Me permito detallar algunas de las manías habituales que recuerdo haber detectado en nuestro colectivo:

  • Aboulomanía. Incapacidad de tomar decisiones: eliminar un documento ahora o dejarlo para más tarde.
  • Ablutomanía. Lavarse las manos cada poco tiempo: para eliminar polvillo de ciertos documentos si no usamos guantes.
  • Automanía. Compulsión hacia la soledad: ¿Podremos estar un día sin visitas y adelantar trabajo?
  • Bibliomanía: Interés excesivo en buscar donaciones de toda clase: libros, fotografías, documentos…
  • Eremiomanía. Deseo irresistible por la calma: algunas veces es conveniente repetir el mantra ”Om”
  • Ergomanía. Deseo obsesivo por trabajar: si algunas visitas inoportunas nos dejan, claro.
  • Escribomanía. Deseo obsesivo por escribir: informes, estadísticas, formularios…
  • Fotomanía. Deseo irresistible por la luz: en los archivos acostumbra a faltar la luz natural.
  • Glazomanía. Interés obsesivo por hacer listas: tenemos un ejemplo en este escrito.
  • Heliomanía. Anhelo incontrolable por el sol: buscando la alegría del sol mediterráneo.
  • Onomatomanía o la obsesión por repetir ciertas palabras durante cierto tiempo: ahora mismo lo buscamos, ¿Es esto lo que necesita? ¿Puede esperar que acabe la llamada telefónica?…
  • Paramanía. Impulso irresistible de derivar alegría en las quejas: cuando el sentido del humor nos permite sobrevivir a algunos muy pesados.
  • Queromanía. Compulsión hacia la alegría: encontrar un documento, un expediente o un legajo “extraviado” es motivo de honda satisfacción.
  • Sofomanía. Estimación excesiva por los propios conocimientos: a ver si no podemos presumir de nuestros estudios, cursos y seminarios especializados, que buenas horas nos han costado.

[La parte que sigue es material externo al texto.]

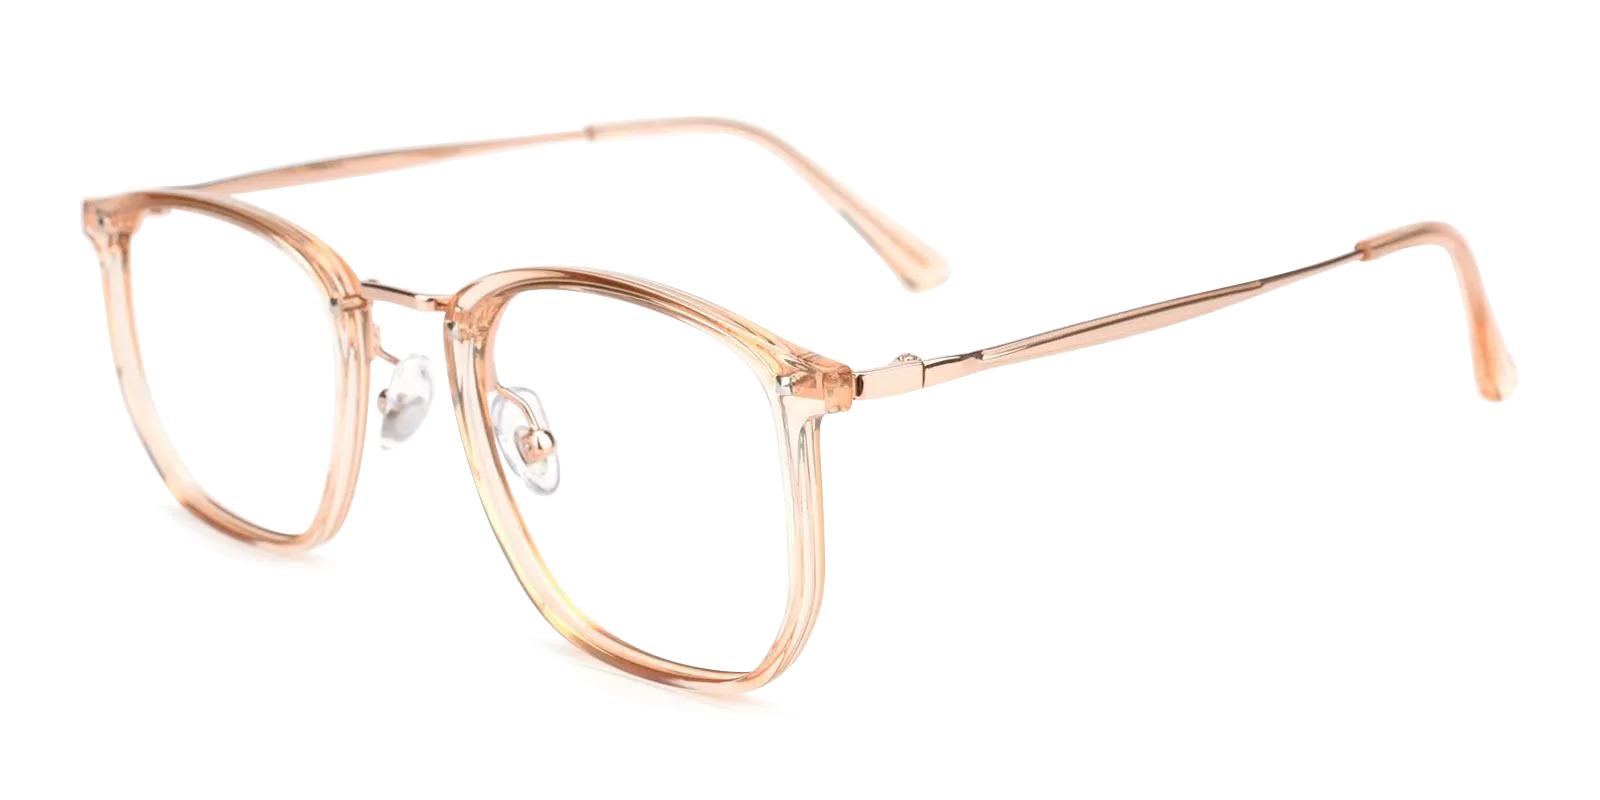 Eatry Orange Titanium , TR Eyeglasses , NosePads Frames from ABBE Glasses

  • Timbromanía. Entusiasmo anormal por los sellos: ¿Quién no se ha emocionado al encontrar un sello antiguo entre los papeles del archivo?

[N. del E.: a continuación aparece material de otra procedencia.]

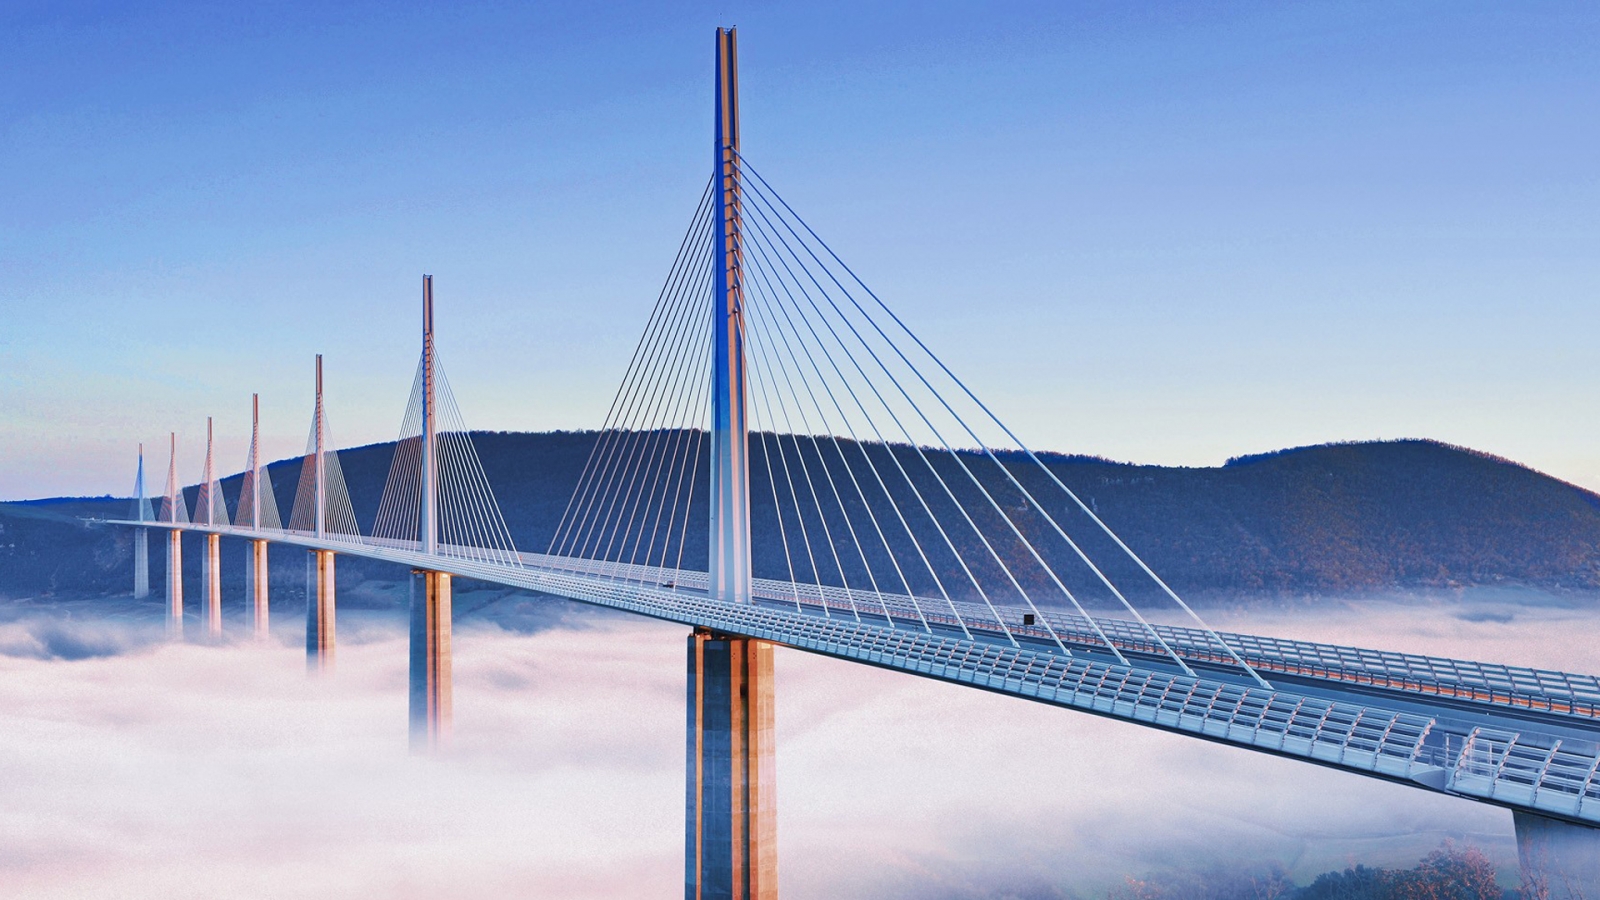 Millau cây cầu được mệnh danh là cây cầu cao nhất thế giới

Las manías son intrascendentes, siempre que no provoquen sufrimiento y no interfieran con la vida normal. Así que después de ver este pequeño listado de 15 manías raras y no tan raras, siempre en clave de humor, creo que podemos mirarnos al espejo y ver que en el fondo todas las personas relacionadas con la archivística y la gestión documental somos “maniáticos normales”.